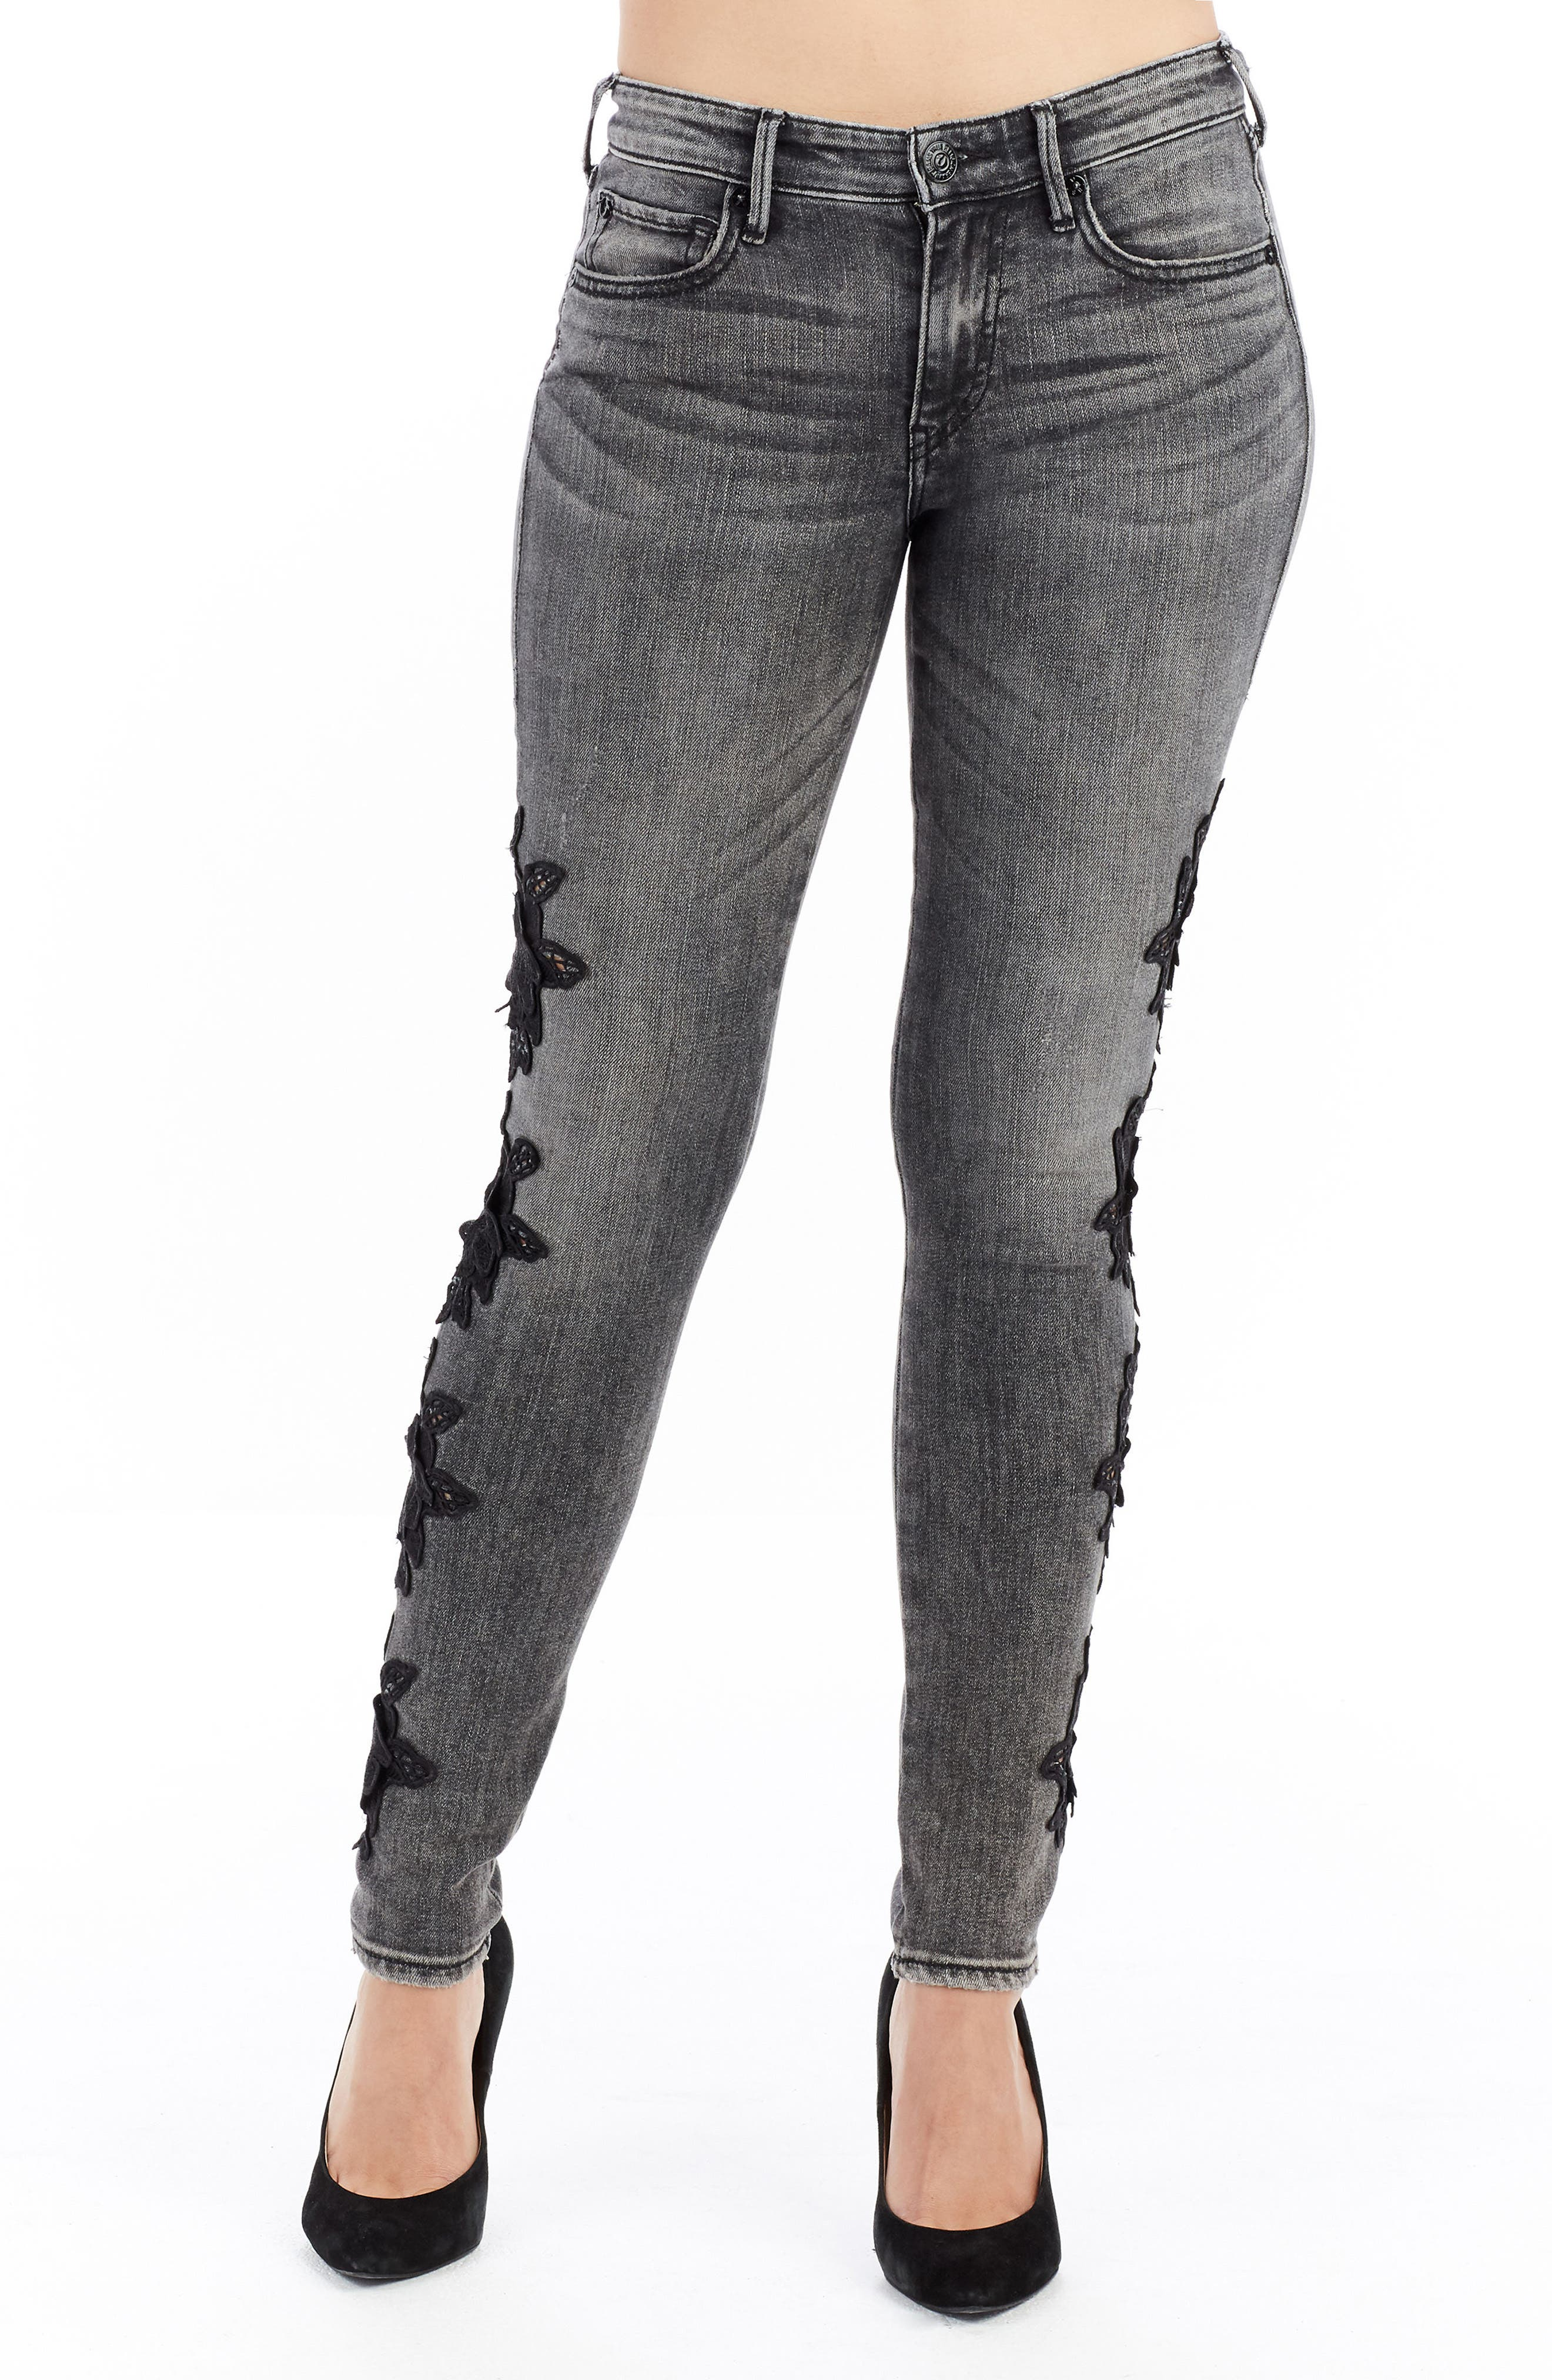 Jennie Curvy Skinny Jeans,                             Main thumbnail 1, color,                             001
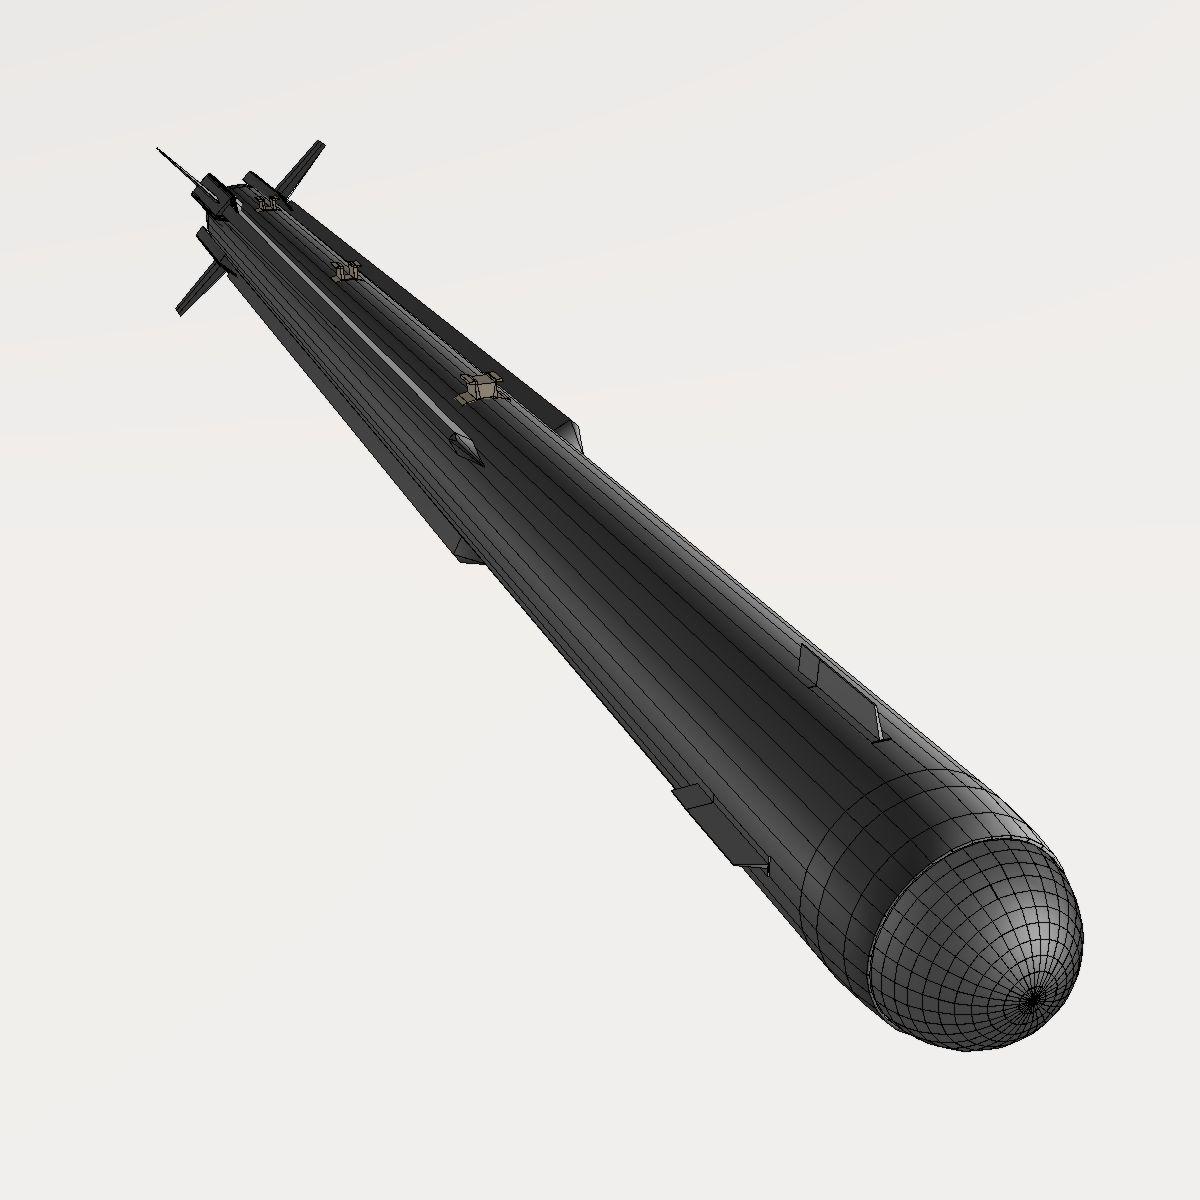 a-darter air-to-air пуужин 3d загвар 3ds dxf cob x obj 151891
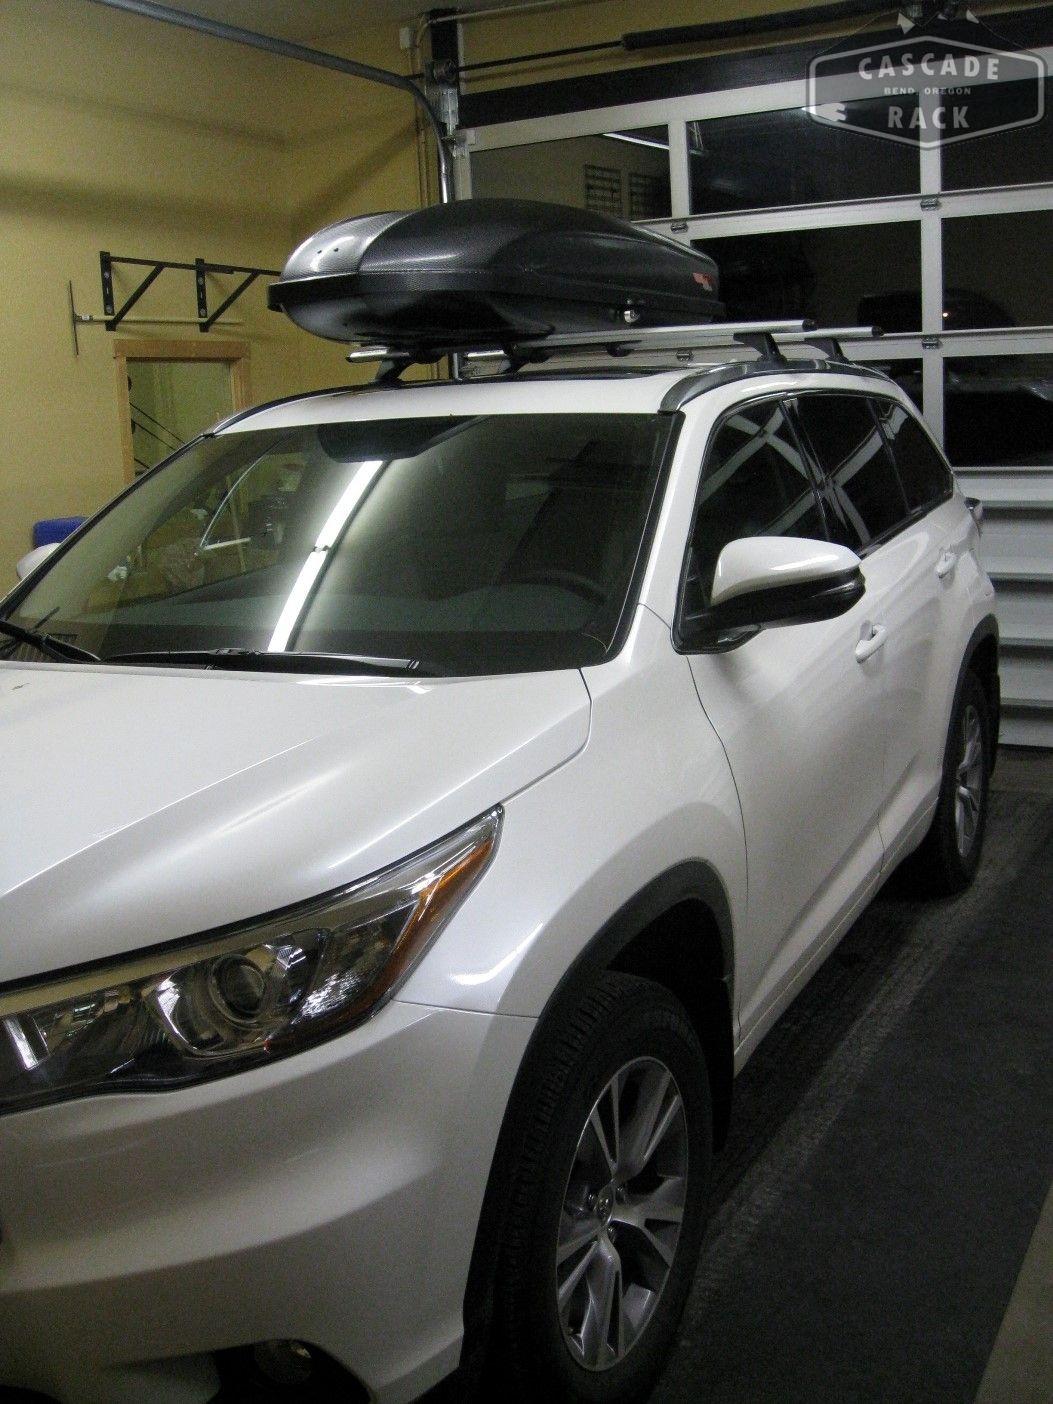 Base Rack And Cargo Box Installation 2015 Toyota Highlander Rhino Rack Yakima Toyota Highlander 2015 Toyota Highlander Yakima
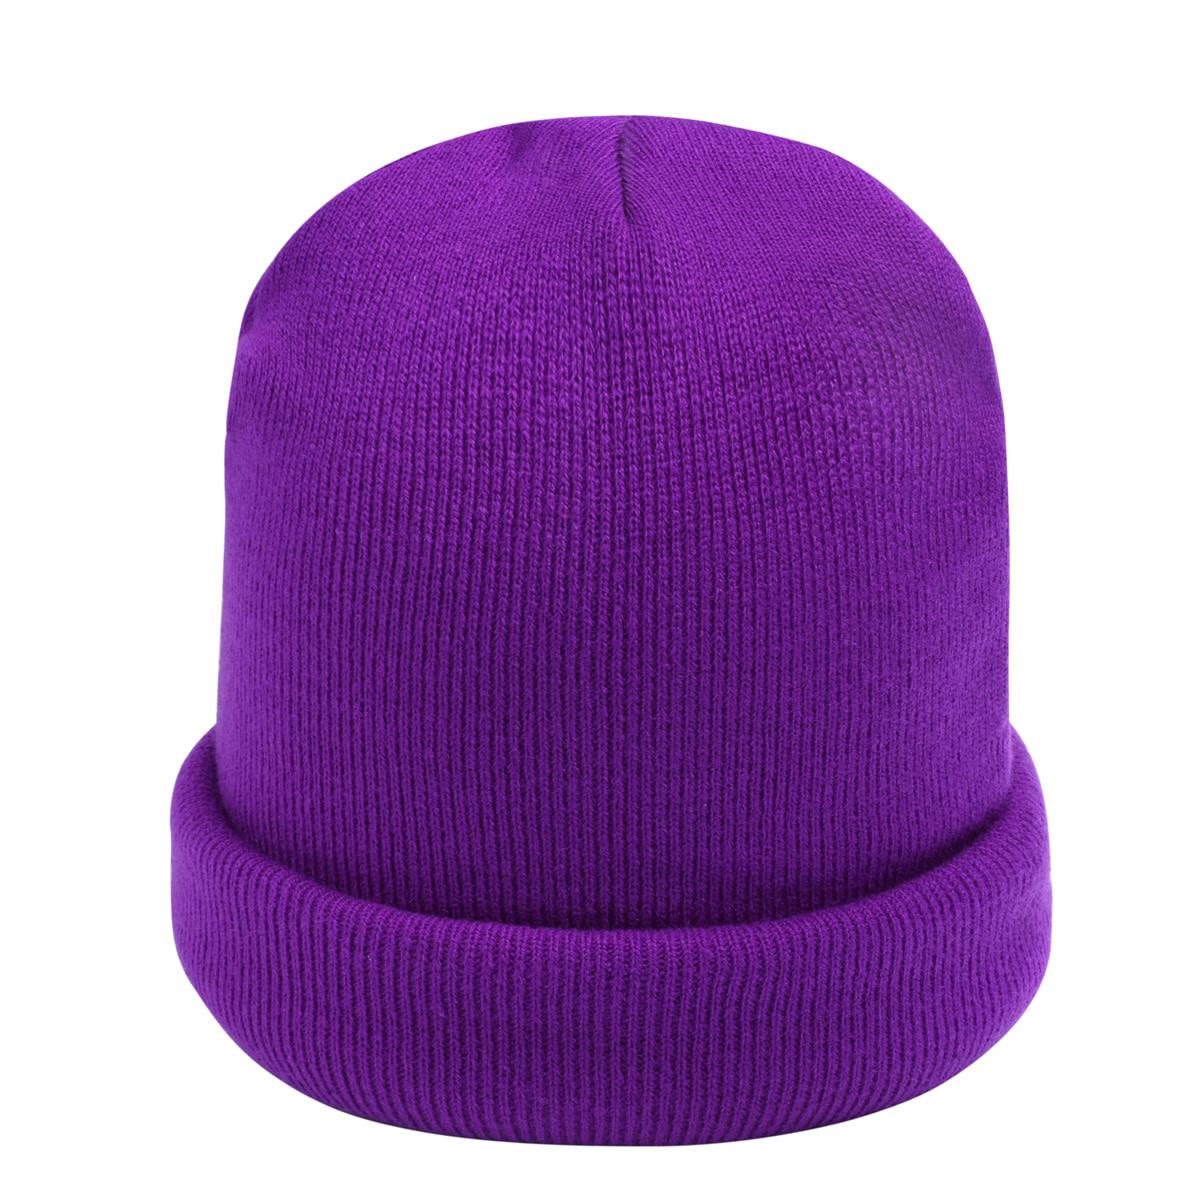 With love Beanie rainbow colors - purple
***
**ABOUT THIS EXERCISE**
Pictures aside, give the data again exactly as it appears.

**RESPONSE TO THE EXERCISE**
 Jennie Curvy Skinny Jeans,                             Main thumbnail 1, color,                             001
 a-darter air-to-air пуужин 3d загвар 3ds dxf cob x obj 151891
 Base Rack And Cargo Box Installation 2015 Toyota Highlander Rhino Rack Yakima Toyota Highlander 2015 Toyota Highlander Yakima
 With love Beanie rainbow colors - purple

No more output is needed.